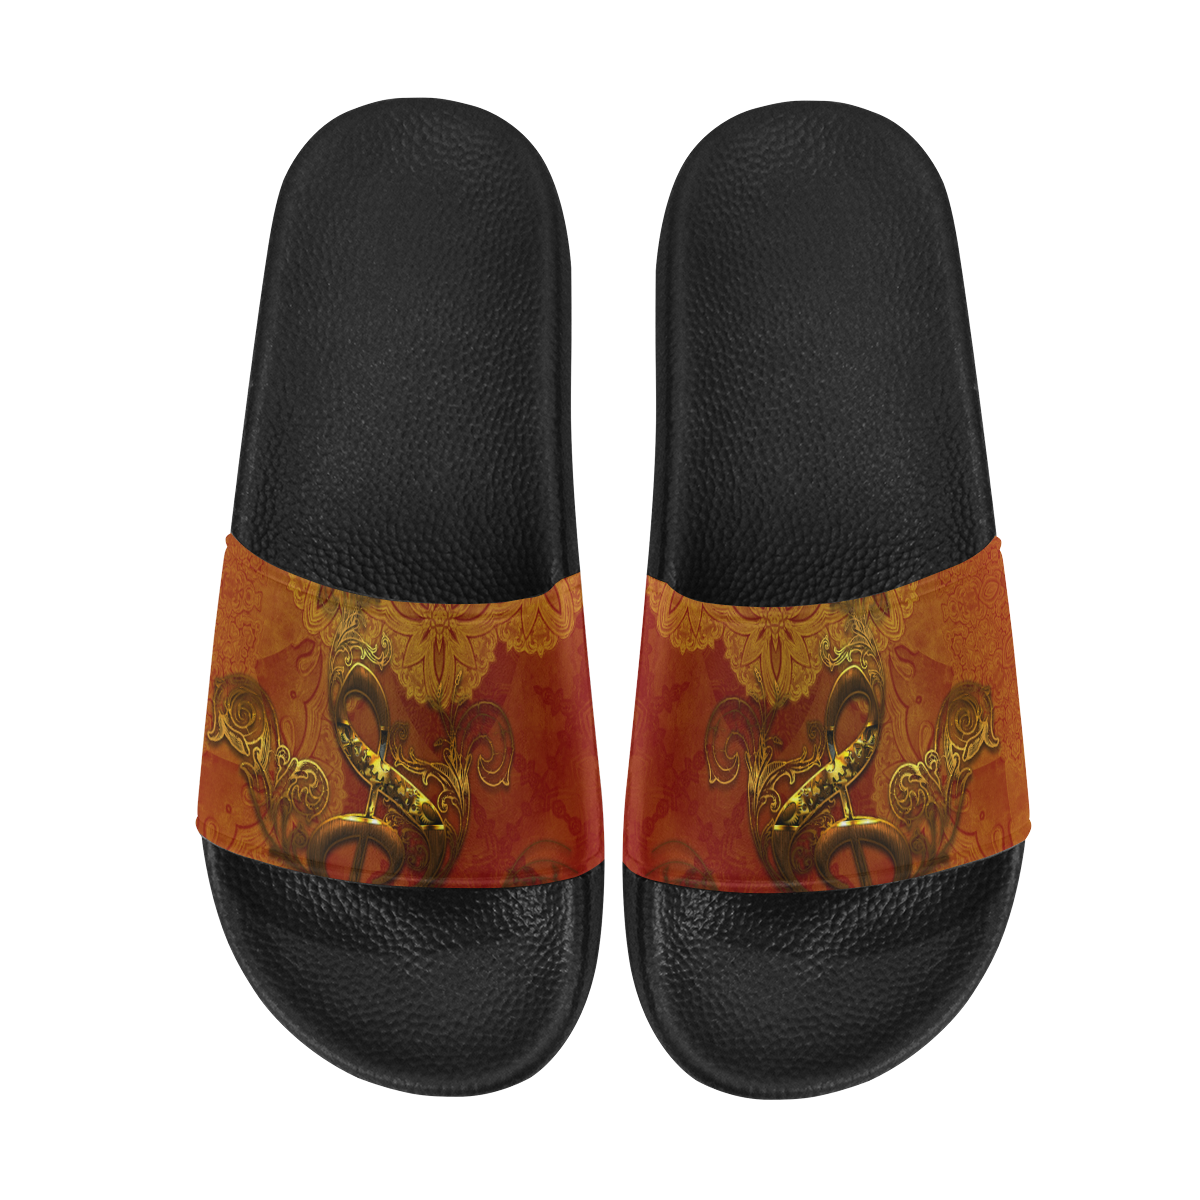 Music, clef in golden metal Men's Slide Sandals (Model 057)
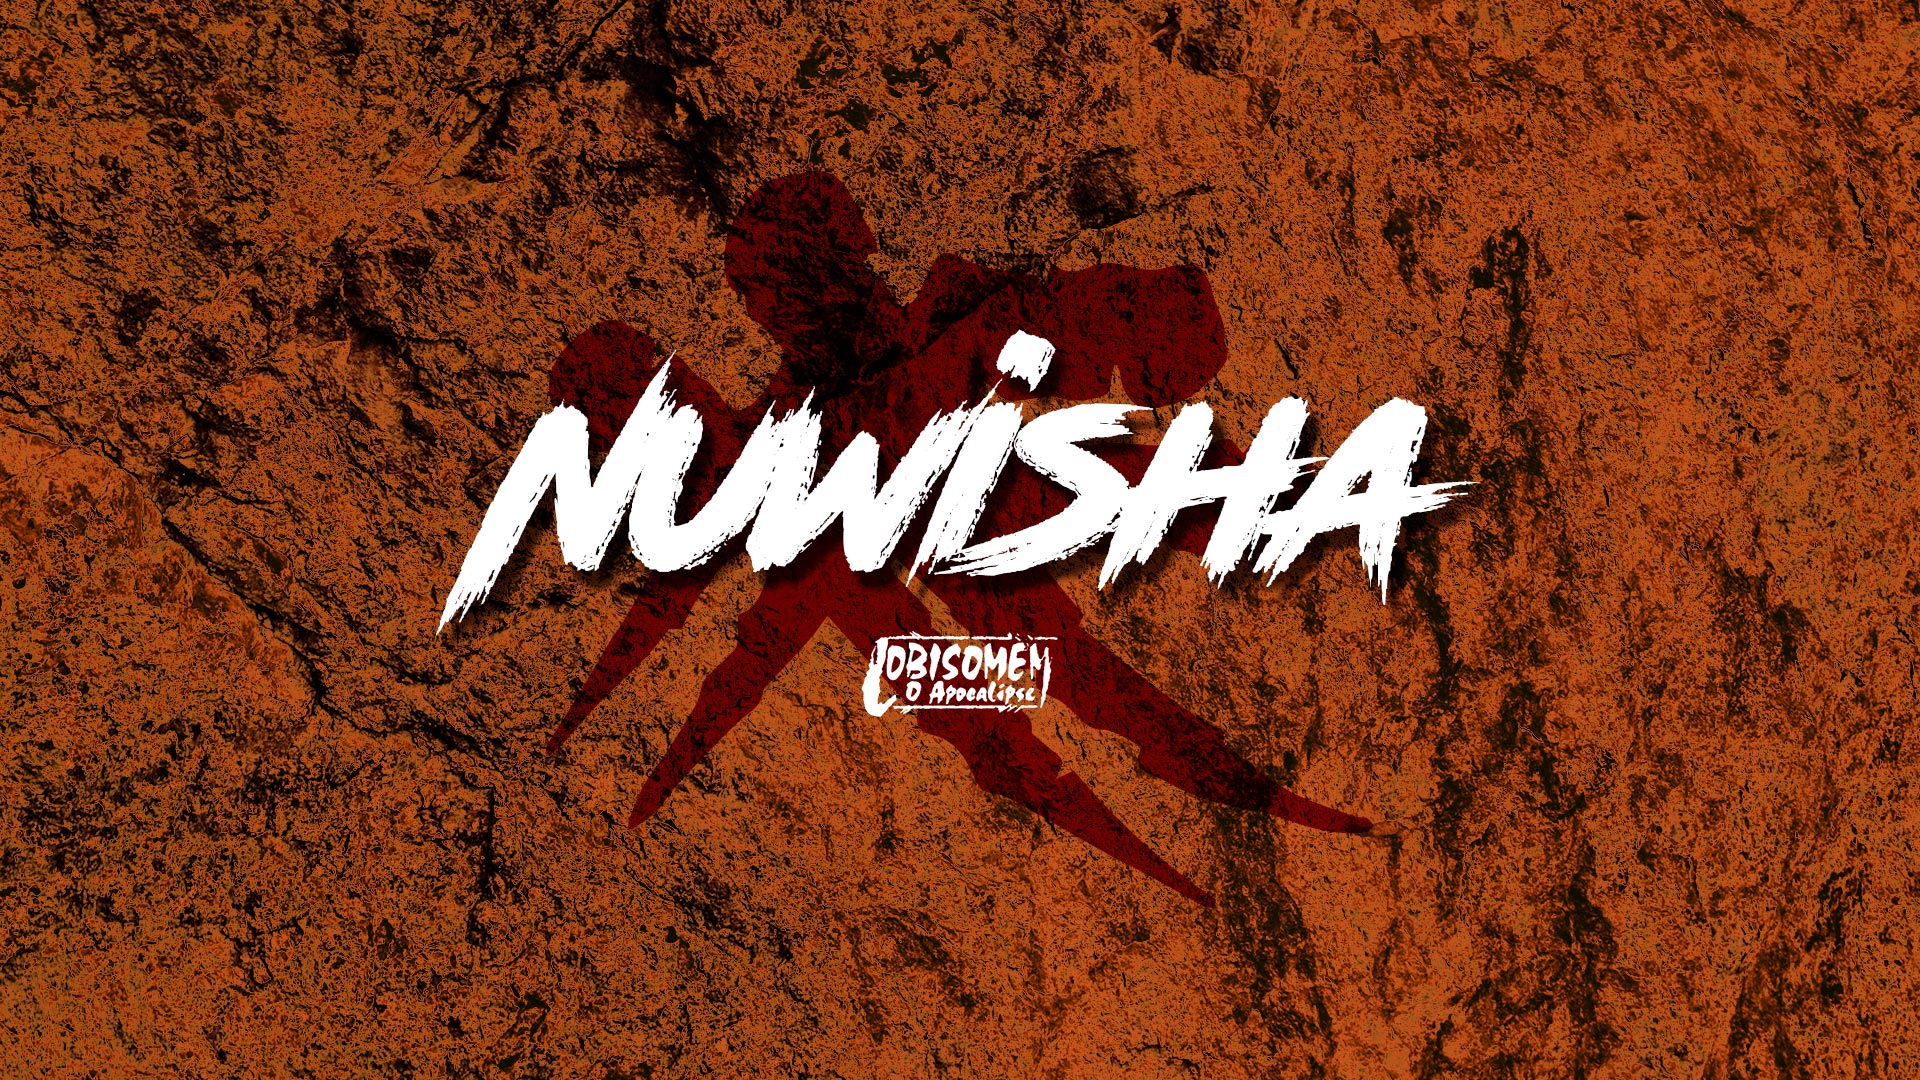 Nuwisha – Feras de Lobisomem O Apocalipse
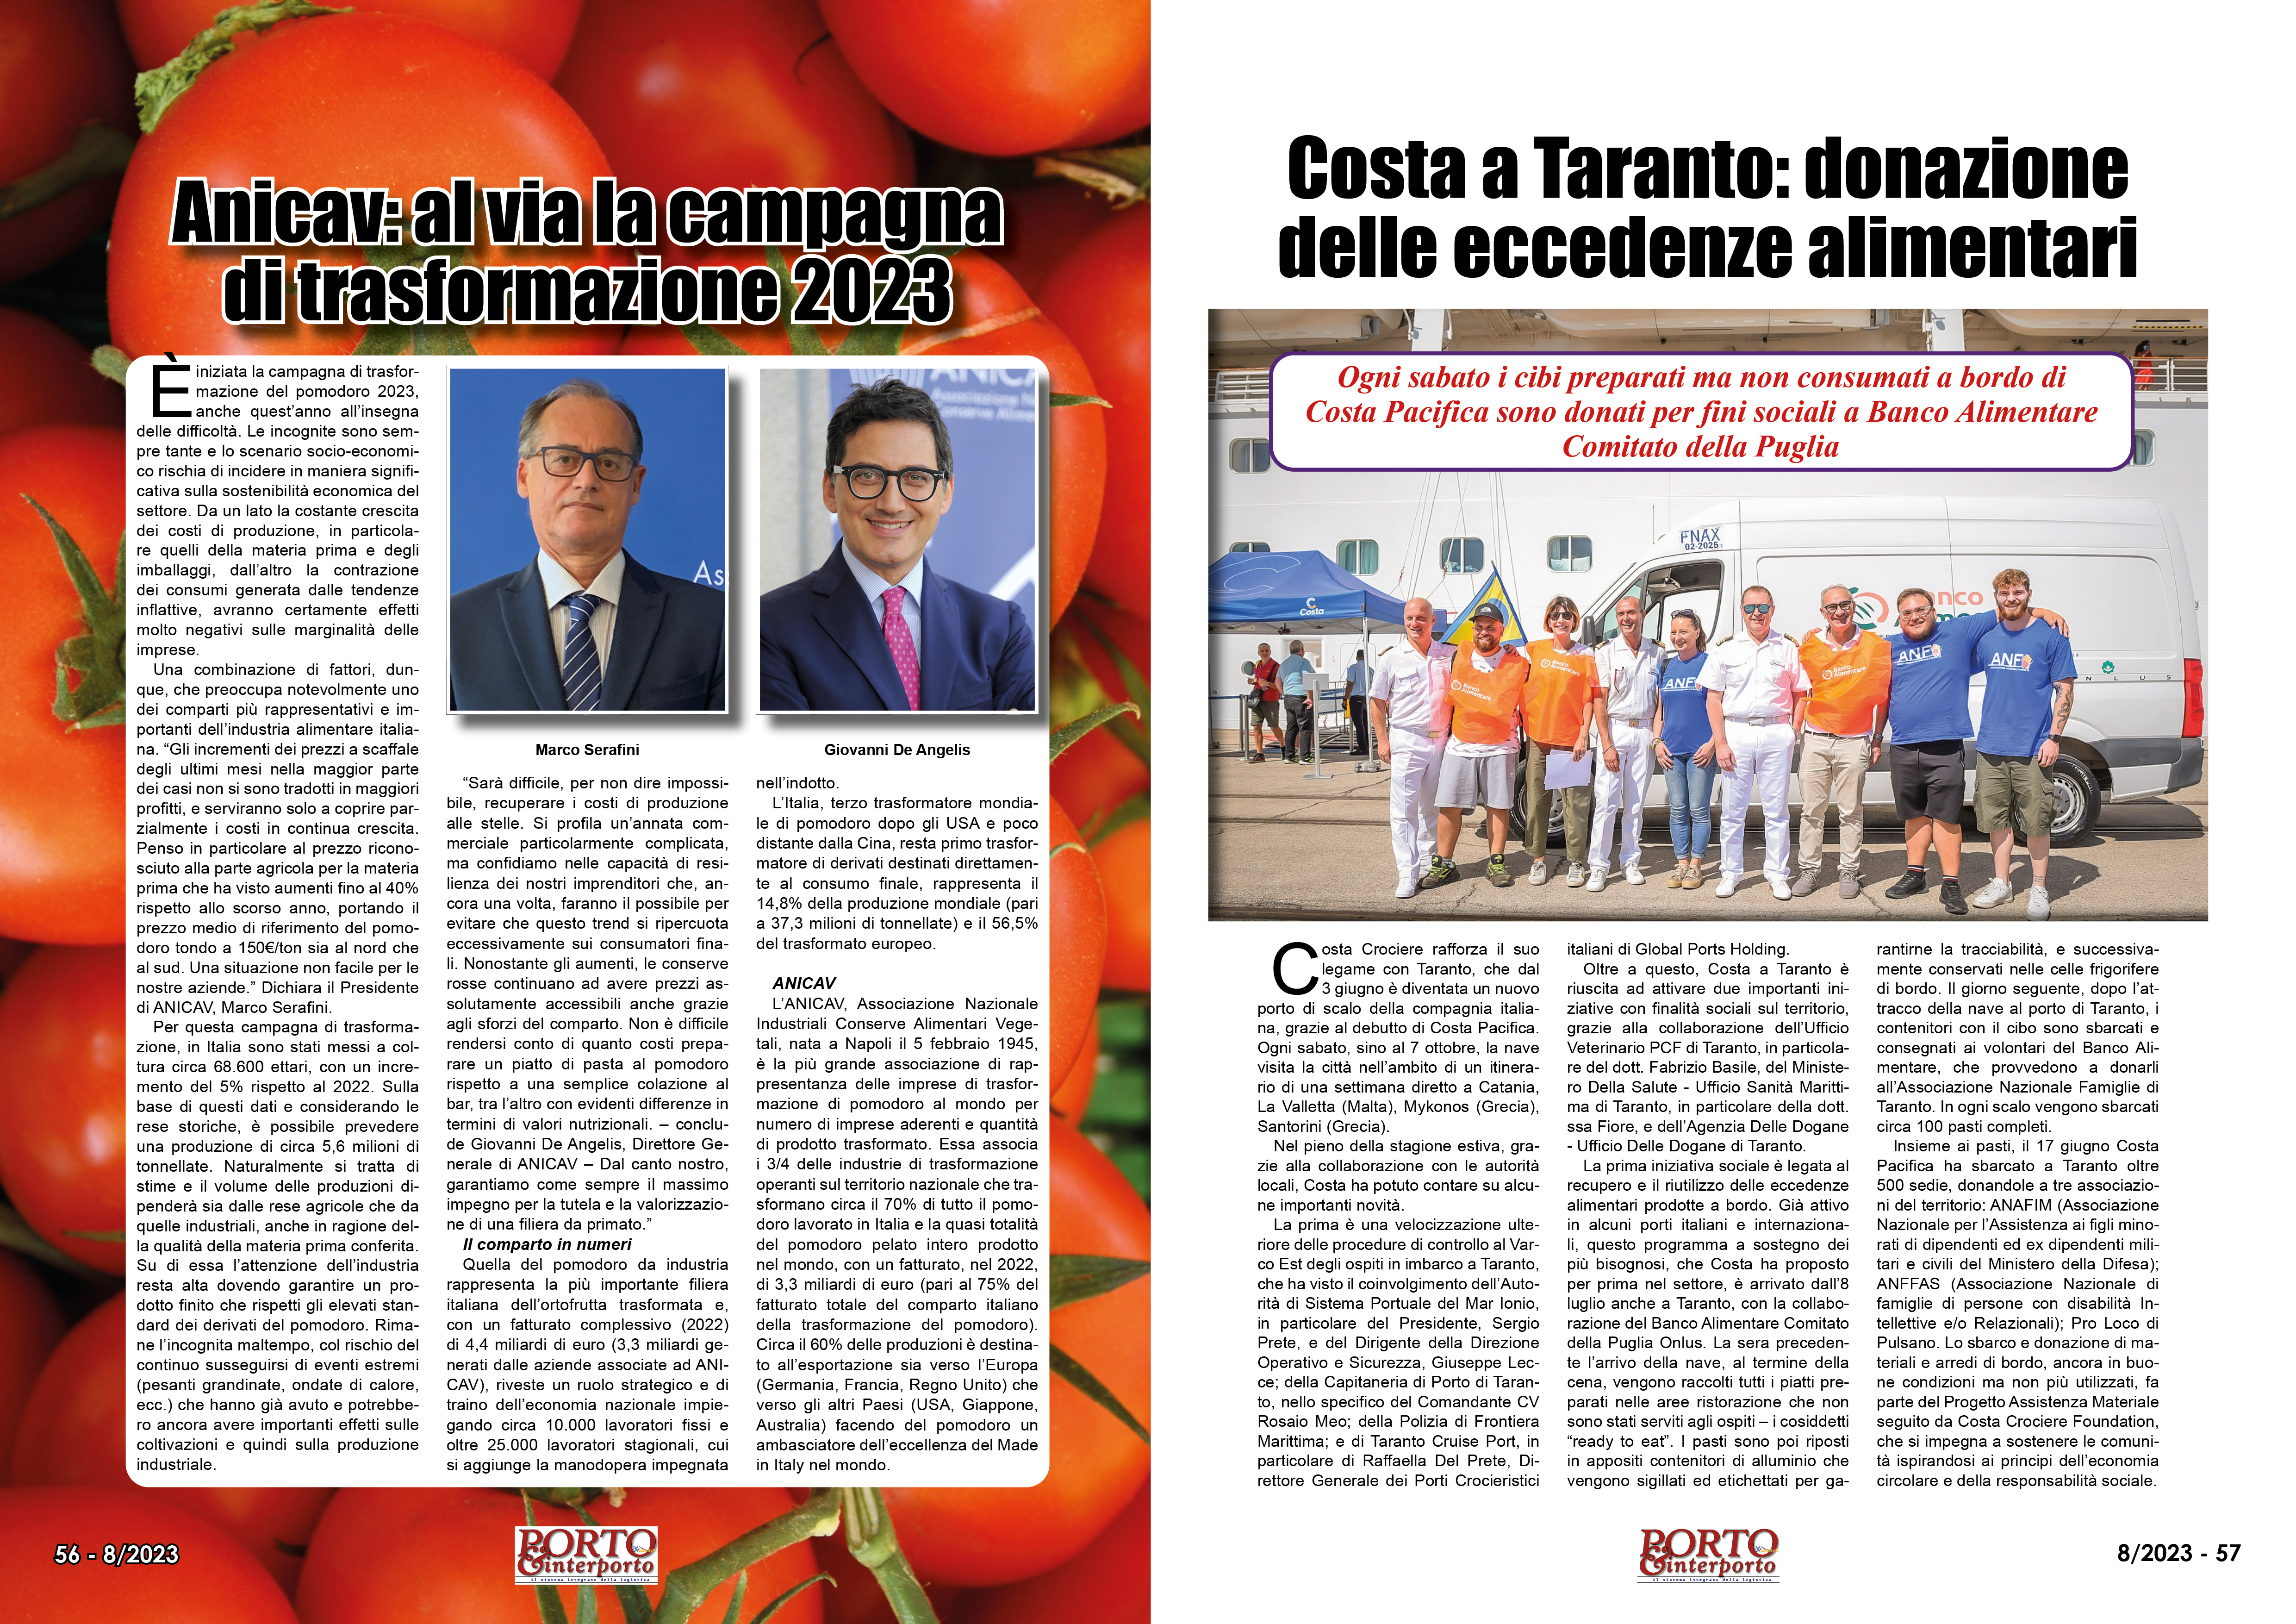 AGOSTO 2023 PAG. 57 - Costa a Taranto: donazione delle eccedenze alimentari

How to complete this task:
Omit every picture, then reproduce the rest of the listing exactly.

Solution for this task:
 Music, clef in golden metal Men's Slide Sandals (Model 057)
 Nuwisha – Feras de Lobisomem O Apocalipse
 AGOSTO 2023 PAG. 57 - Costa a Taranto: donazione delle eccedenze alimentari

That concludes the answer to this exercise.